In early 2016, Dowell attended the U.S Olympic Team Summit, an event for potential U.S Olympic Team members to meet with the media and do promotional work. She attended with fellow 2015 World Championships teammates, Simone Biles, Aly Raisman, Gabby Douglas, Madison Kocian, Maggie Nichols, and MyKayla Skinner. Dowell competed at the 2016 Pacific Rim Gymnastics Championships. On the first day of competition, Dowell hit all four of her events, which helped team USA win the gold medal. She had the fourth-highest score in All-Around, 58.850, behind teammates Aly Raisman, Simone Biles, and Laurie Hernandez. But because of the two-per-country rule, Dowell did not receive an official all-around placement.

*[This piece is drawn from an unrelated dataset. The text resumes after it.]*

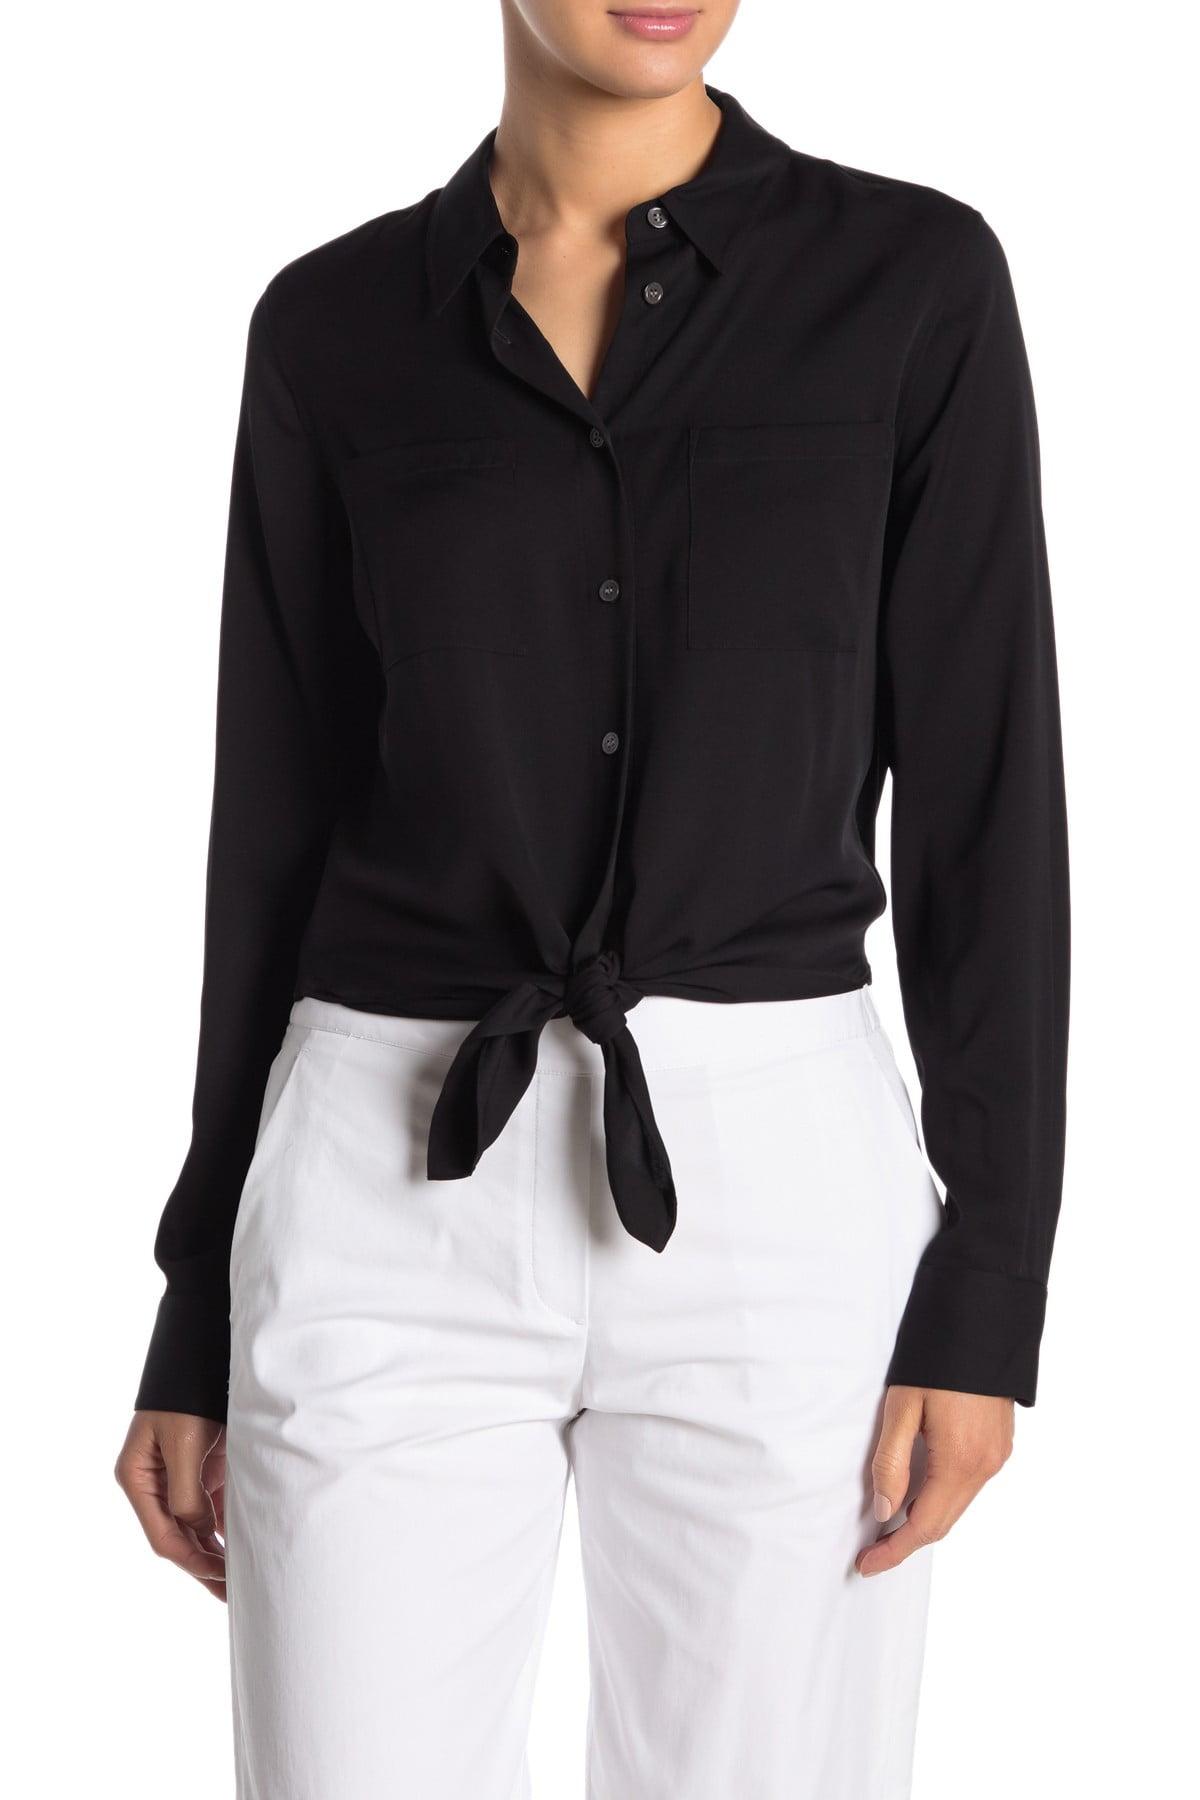 Theory Tie Front Silk Blend Blouse in Black | Lyst

Dowell qualified in second place to the uneven bars final. Additionally, after Simone Biles withdrew from event finals, Dowell also earned a spot in the floor exercise final. In event finals, Dowell fell on a release move in the uneven bars final, incurring a deduction and placing her fifth with a score of 14.000. She earned a silver medal on floor exercise with a score of 14.825 behind Raisman. At the 2016 U.S. National Championships, Dowell earned a berth to compete the 2016 Olympic Trials. Ultimately, she was not named to the Olympic team.

In 2017, Dowell continued her gymnastics career at the University of Oklahoma for her sophomore season.

==Eponymous skill==
Dowell has one eponymous skill listed in the Code of Points.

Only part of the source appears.